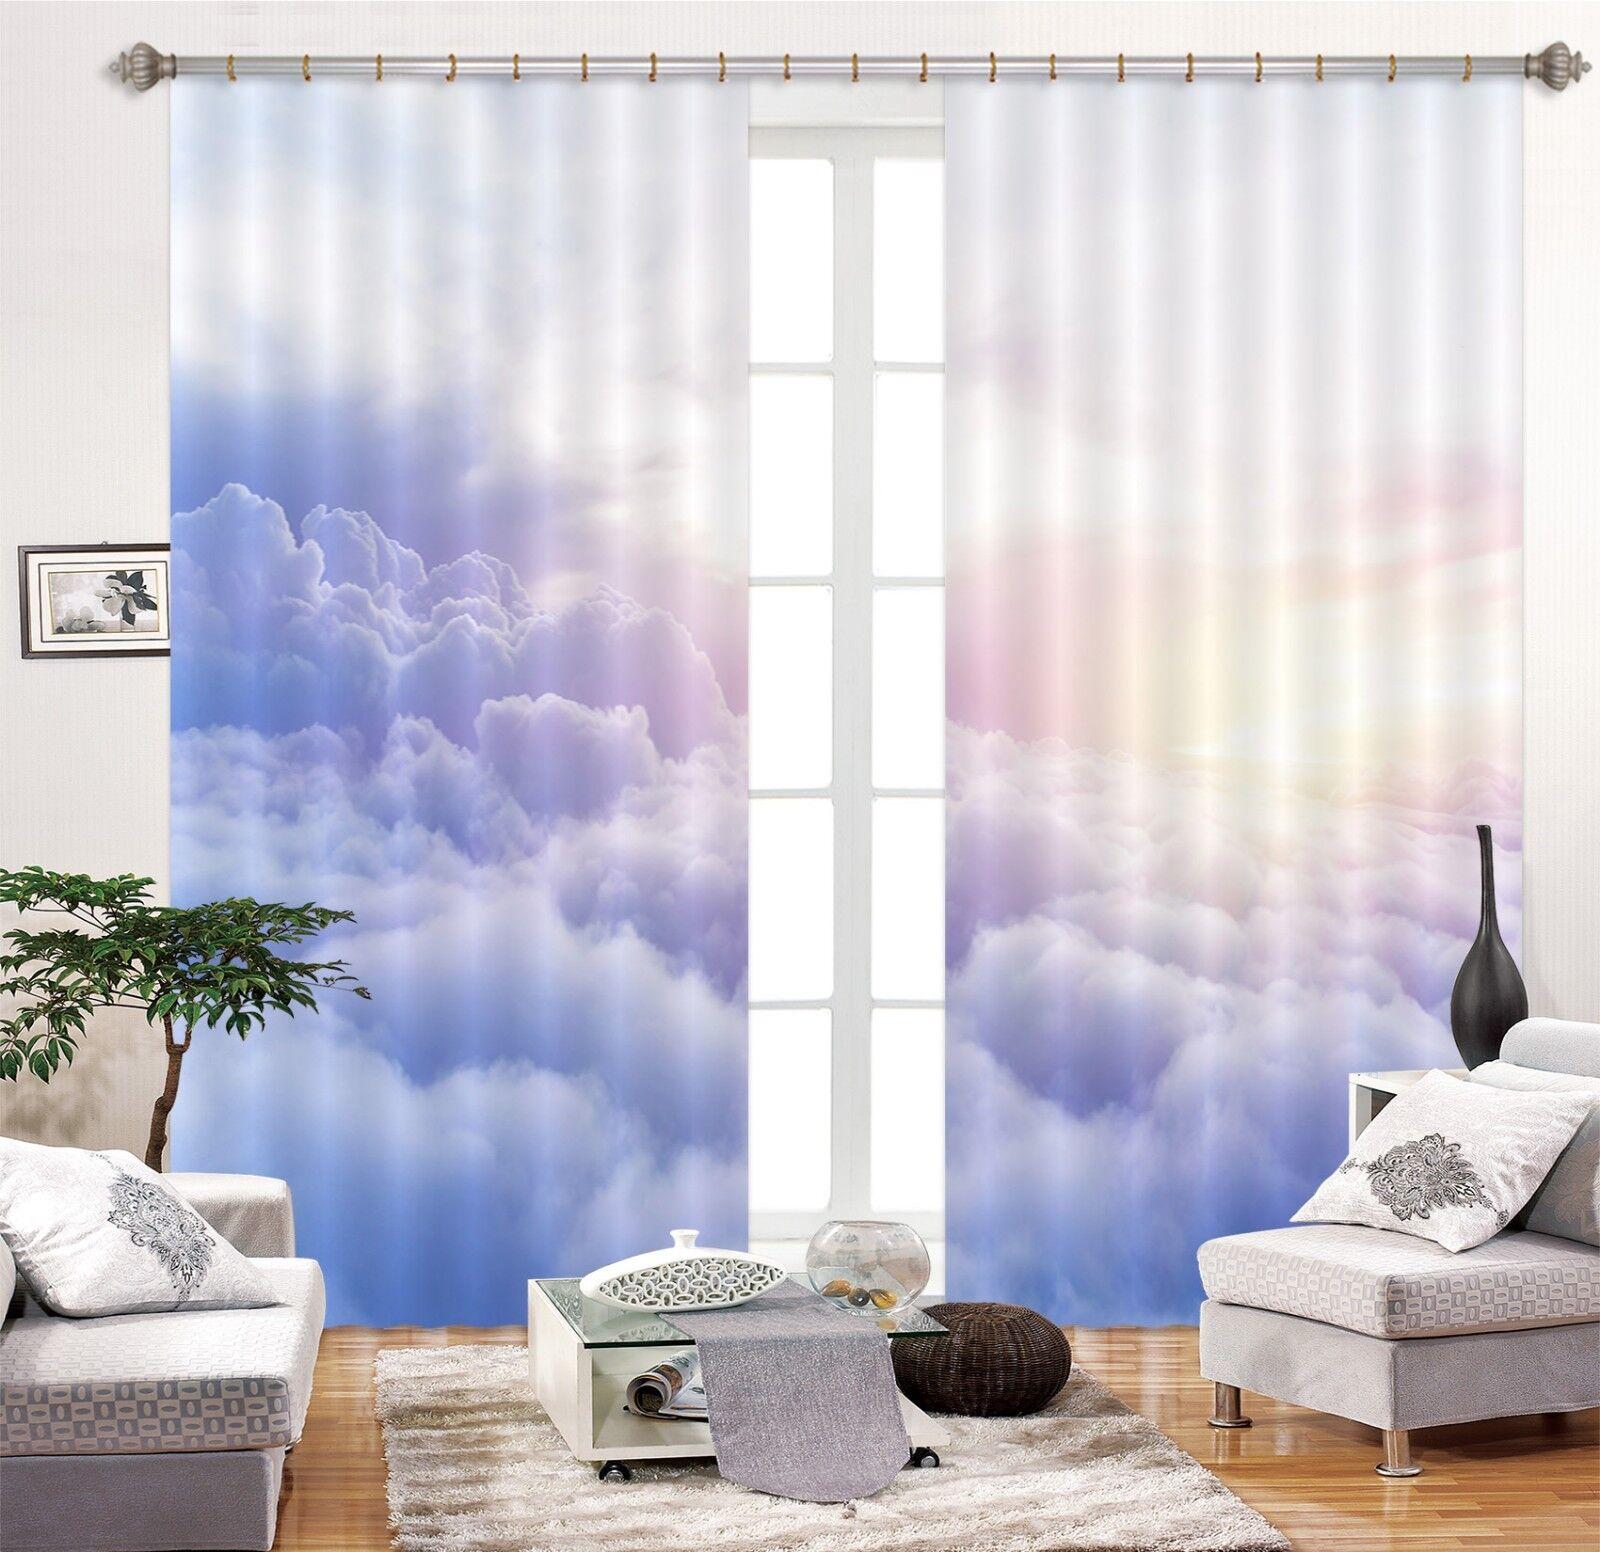 3d cielo nuvole 67 blocco foto sipario pressione sipario tende tessuto finestra de
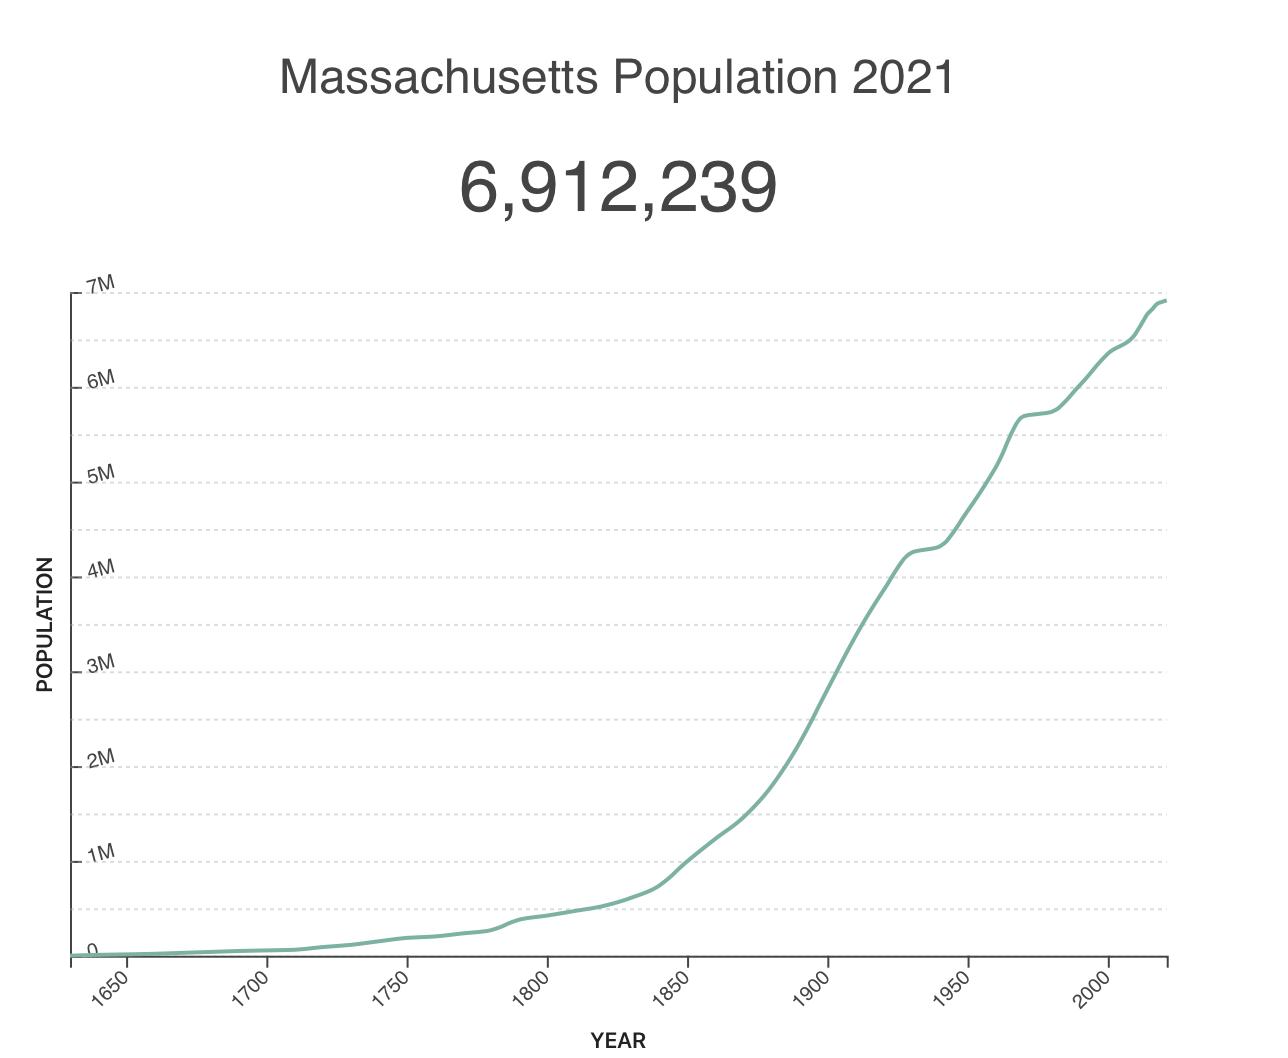 Massachusetts population
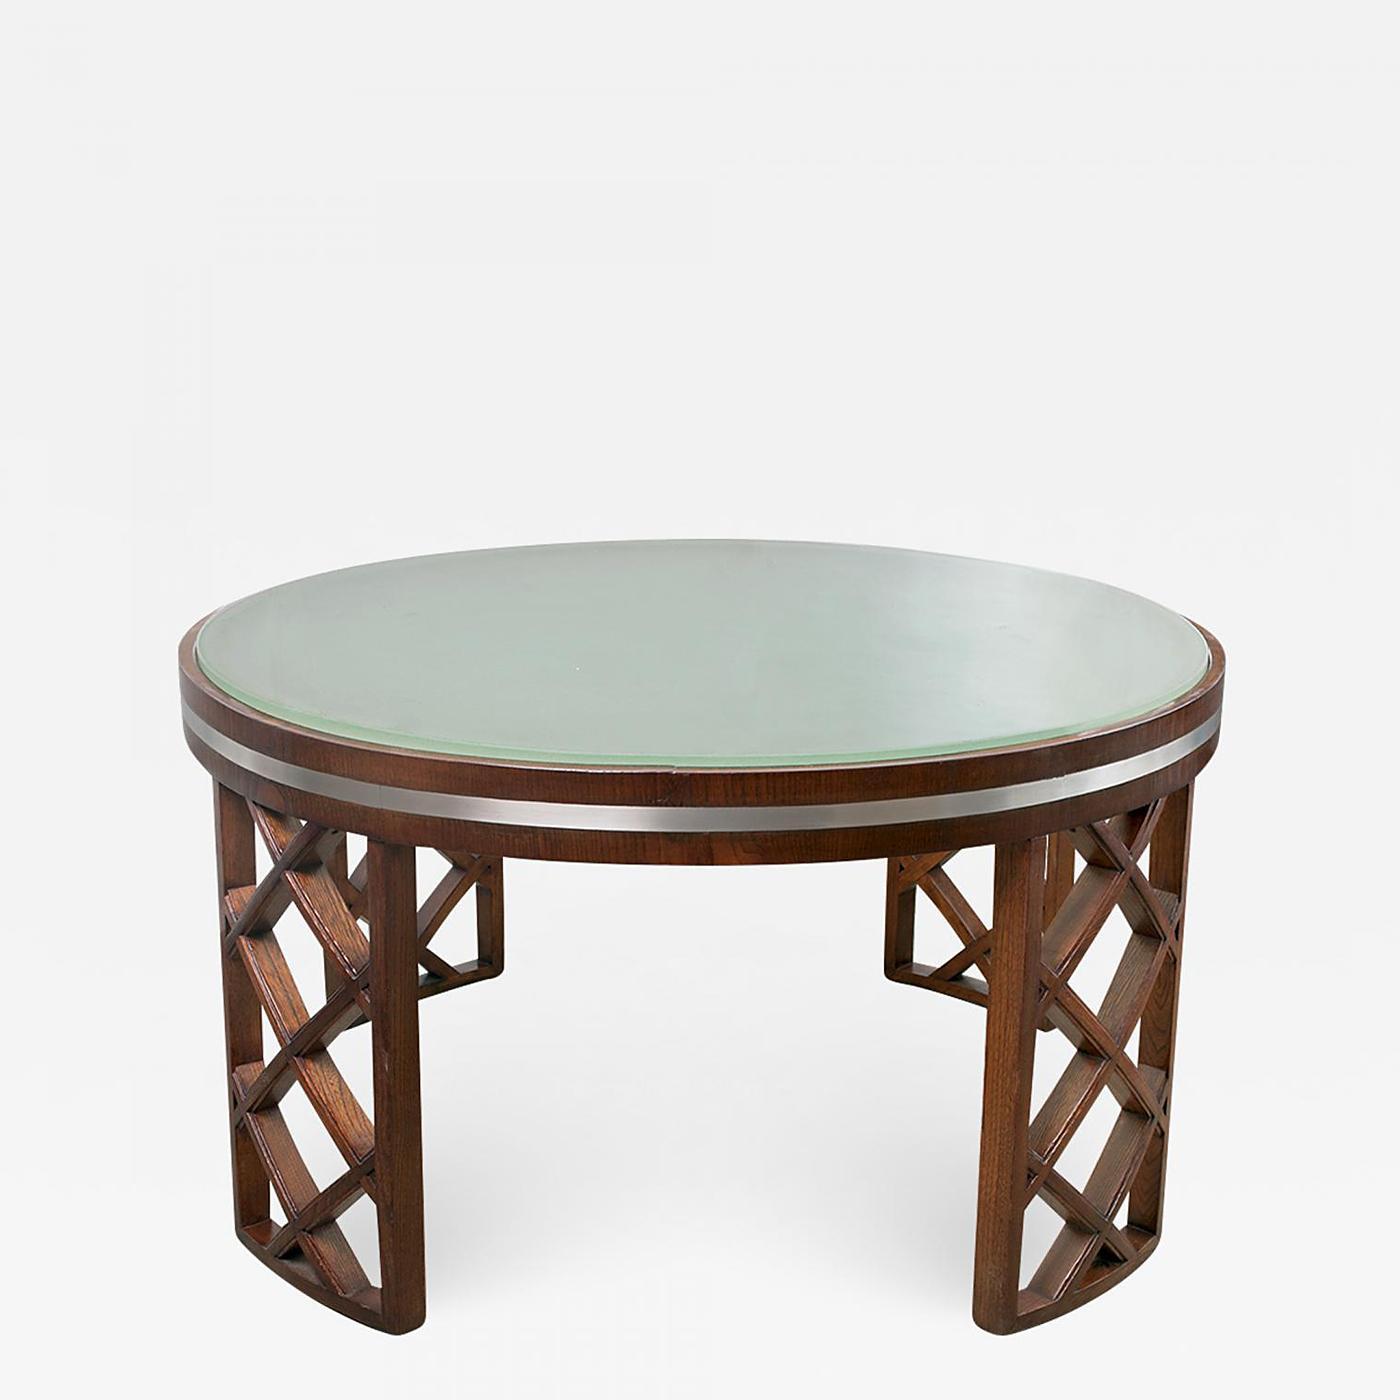 Art Deco Coffee Table Brisbane: SWEDISH ART DECO COFFEE TABLE WITH LATTICE LEGS
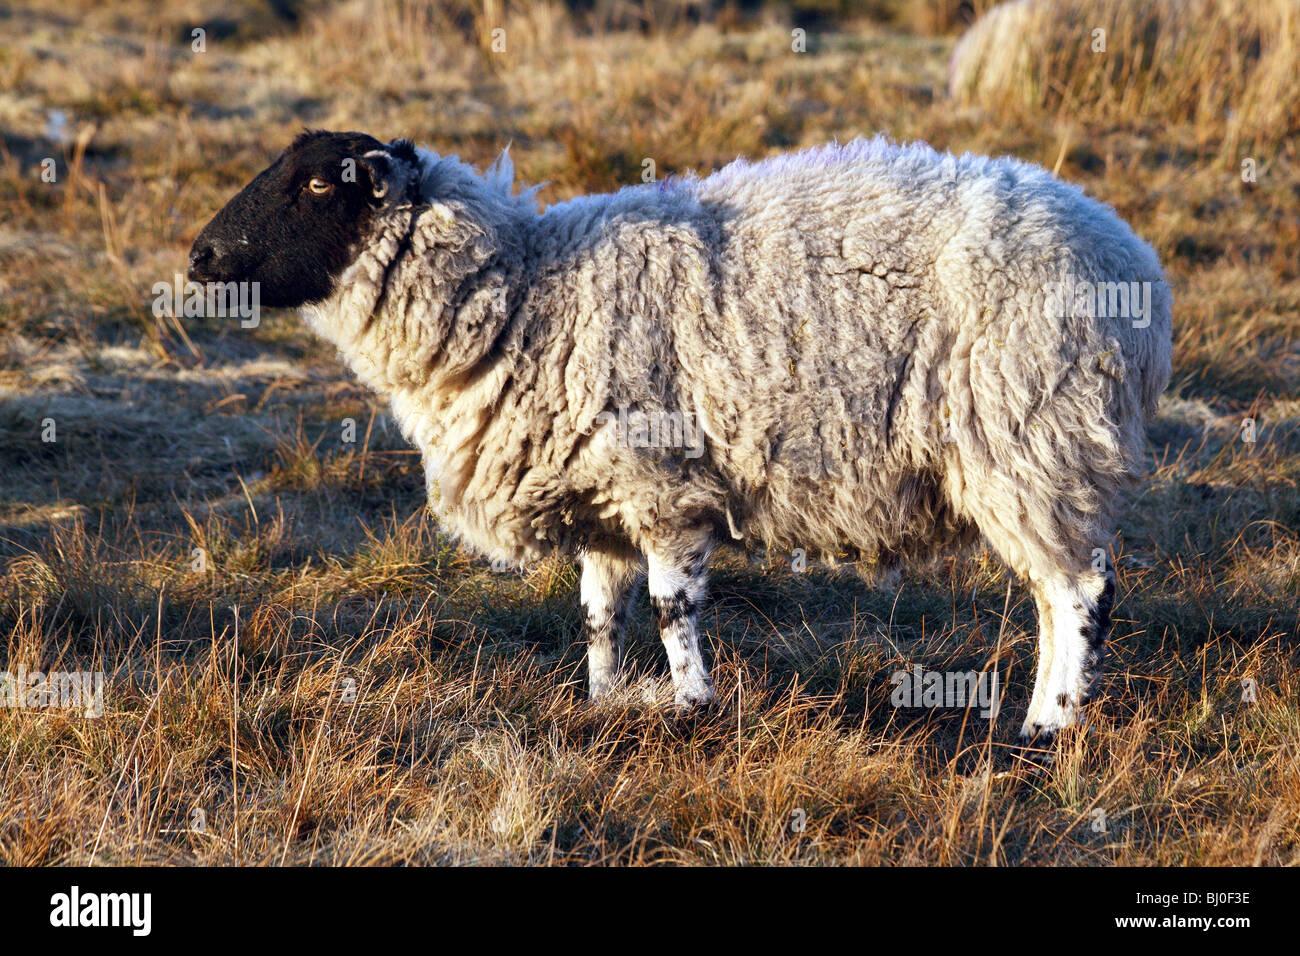 Sheep Breeds Derbyshire Gritstone Sheep a domestic farm

YOUR INSTRUCTIONS:
Without any pictures, transcribe the listing above exactly as written.

EXERCISE SOLUTION:
 3d cielo nuvole 67 blocco foto sipario pressione sipario tende tessuto finestra de
 Massachusetts population
 Art Deco Coffee Table Brisbane: SWEDISH ART DECO COFFEE TABLE WITH LATTICE LEGS
 Sheep Breeds Derbyshire Gritstone Sheep a domestic farm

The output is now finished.